En unos meses, el viejo mulero había recuperado para Roma las provincias de la península Anatolia que Labieno y los partos les habían arrebatado. No sólo había cumplido las órdenes de Marco Antonio de frenar el avance de Labieno sino que había reconquistado las provincias romanas de la península Anatolia acabando con su enemigo y con los ejércitos partos en su mayor parte. Años y años había tardado en obtener un mando militar, pero una vez le fue concedido demostró que era merecedor de este, aunque el reconocimiento público de sus victorias fuera para Marco Antonio.

V. LA SITUACIÓN EN JUDEA

Masada

Masada

 


Tras la huída de Herodes a Egipto, Antígono había reunido a sus tropas y había sitiado Masada. Esta fortaleza era prácticamente inexpugnable (7) e intentar asediarla suponía una pérdida de tiempo y de recursos. Estaba situada en el margen occidental del Mar Muerto, al sur de Engadí, y ubicada en una peña aislada en medio del desierto. La única forma de hacerse con su control era rendirla por hambre, pero si los sitiados contaban con víveres suficientes podían resistir largo y tendido. Por otro lado Masada contaba con grandes cisternas en su interior que tenían la función aprovechar el agua de las precipitaciones.

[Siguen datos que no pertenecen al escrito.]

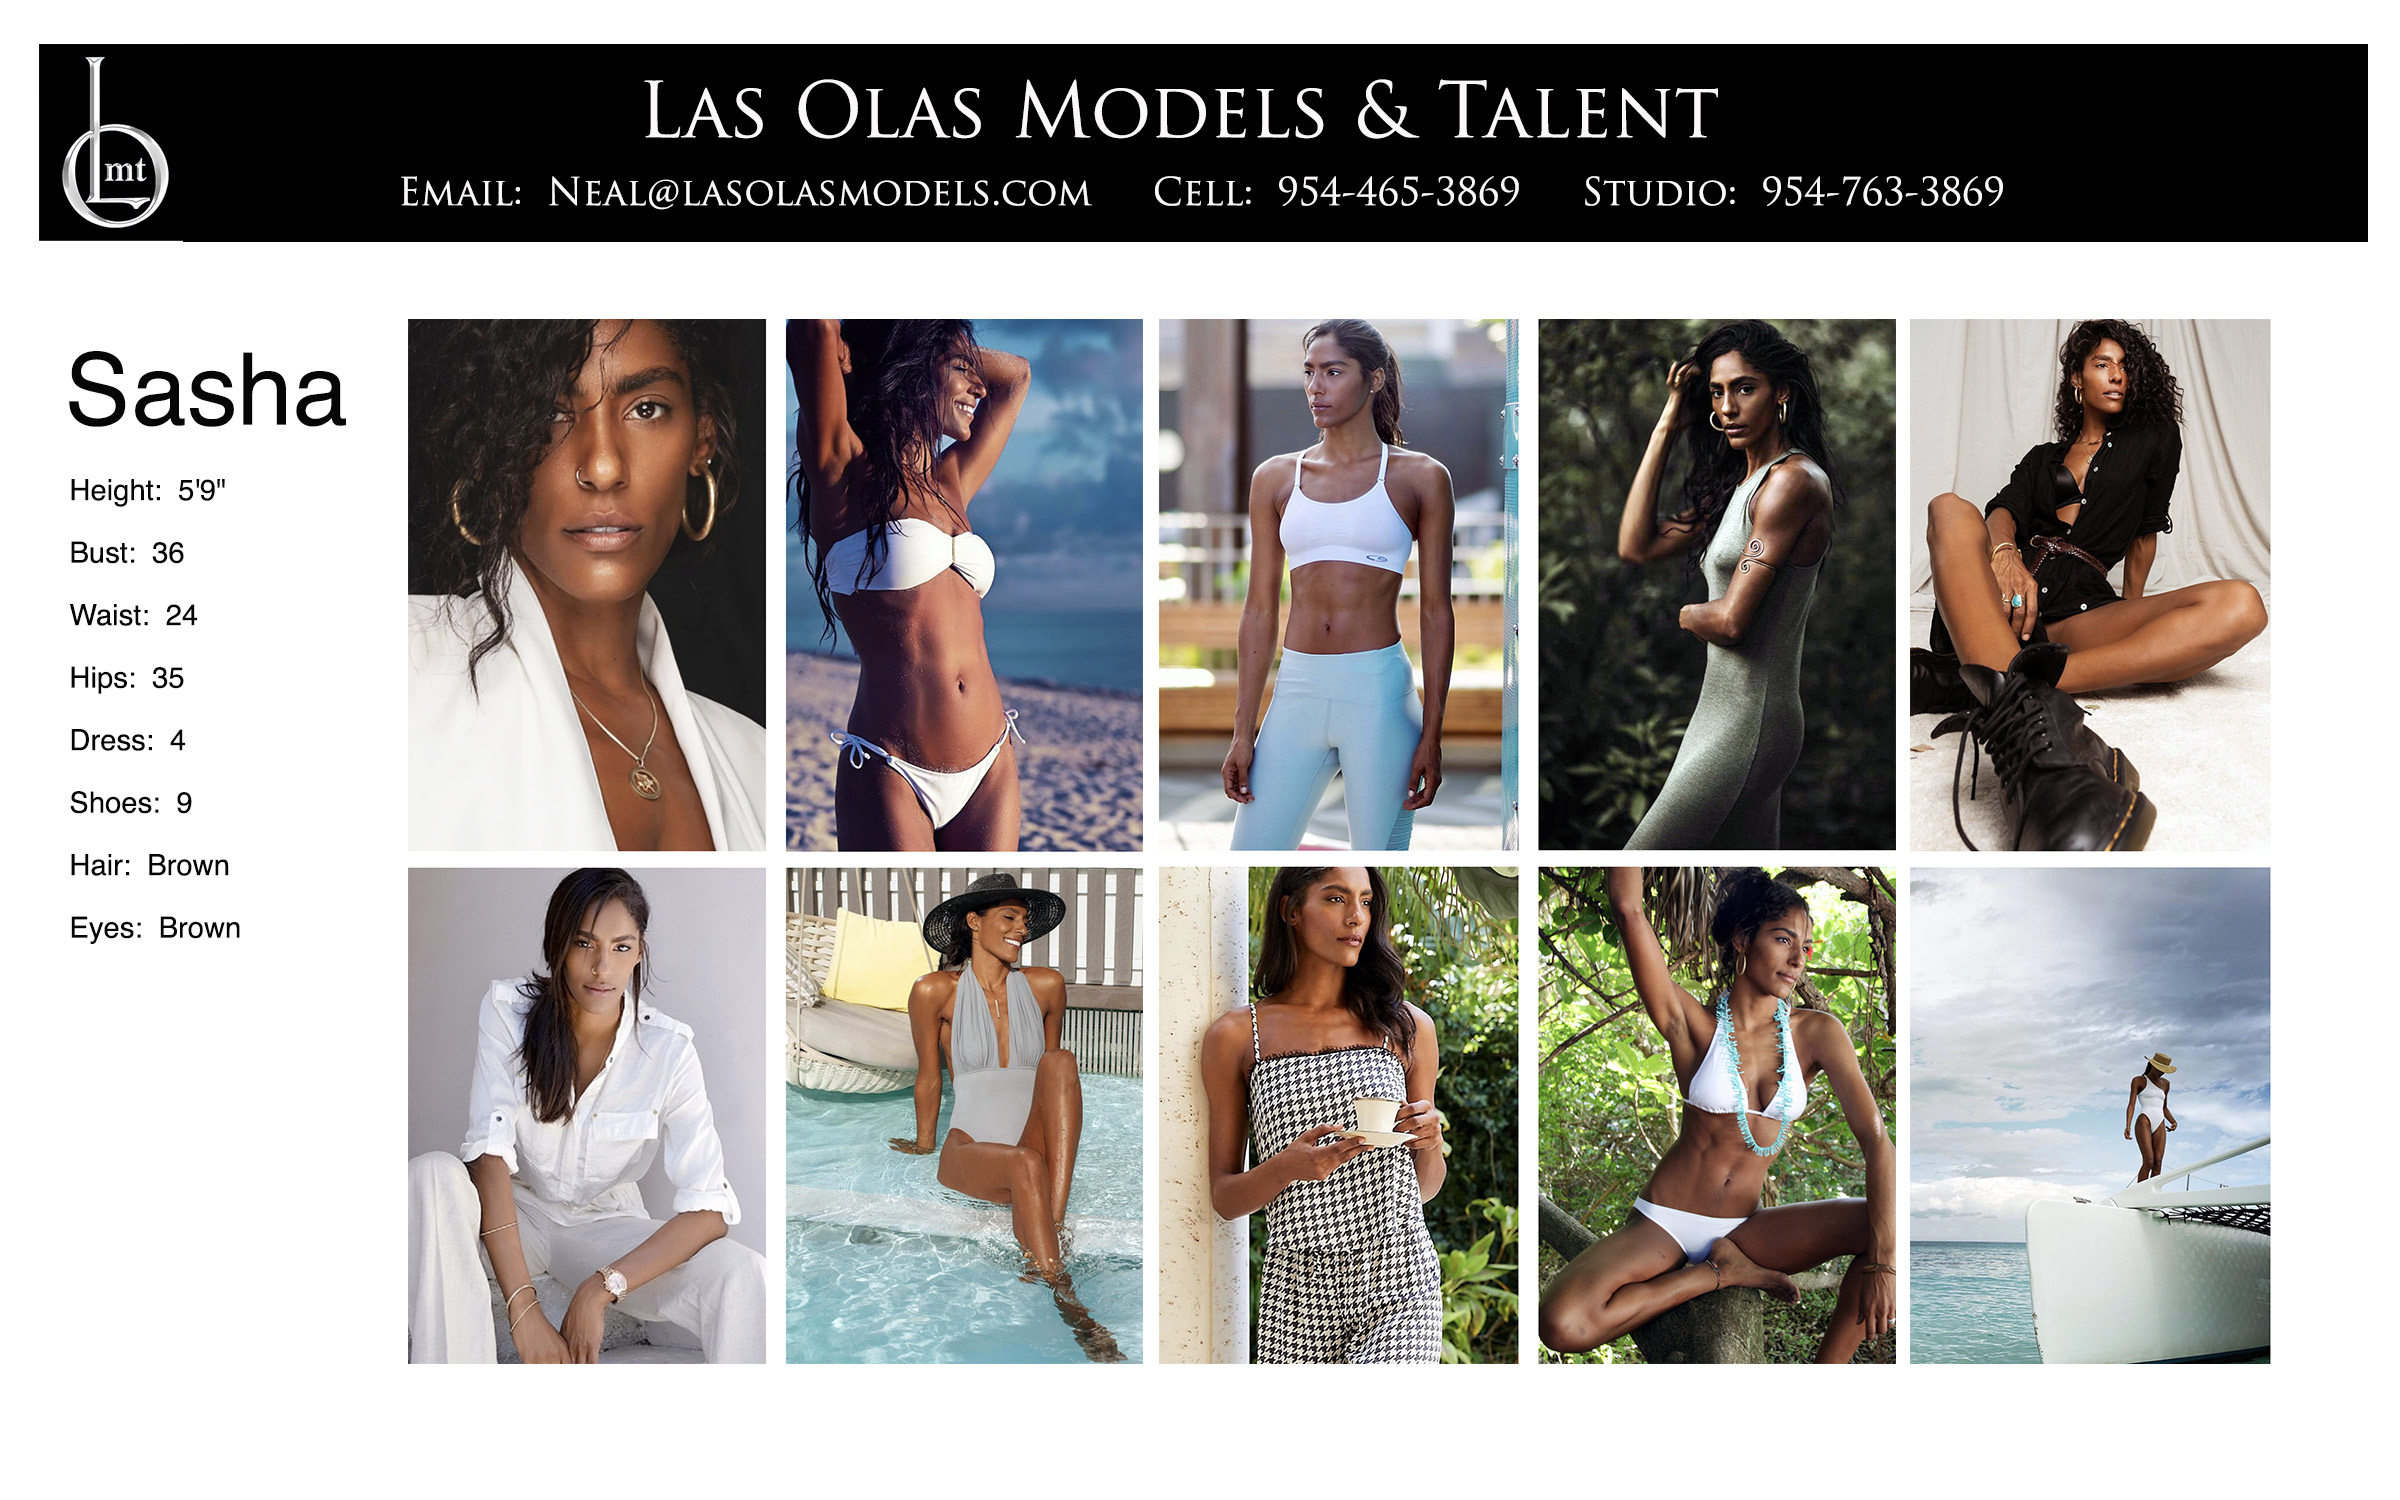 Models Fort Lauderdale Miami South Florida Print Video Commercial Las Olas Models & Talent - Sasha comp

No obstante Judea atravesaba un periodo de sequía desde hacía algunos años y los sitiados estaban a punto de acabar con las últimas reservas de agua.

José, que seguía al mando de la fortaleza, había recibido noticias del cambio de actitud de Malco I con su hermano después de que le diera la espalda. Por ello planeaba efectuar una salida con doscientos hombres y abrirse paso entre las filas enemigas hasta la Arabia Nabatea en busca de refuerzos. Sin embargo la misma noche que iban a salir de la fortaleza, cayó una copiosa lluvia que llenó las cisternas de la fortaleza. Ya no era necesario escapar pero con la moral bien alta como consecuencia del supuesto milagro y en la creencia de que Yavhé estaba de su lado, José y sus hombres no renunciaron a la idea de salir de la fortaleza y hostigar al enemigo. Al frente de sus hombres José entabló numerosos combates con los sitiadores y acabó con muchos aunque también sufriera algunas derrotas.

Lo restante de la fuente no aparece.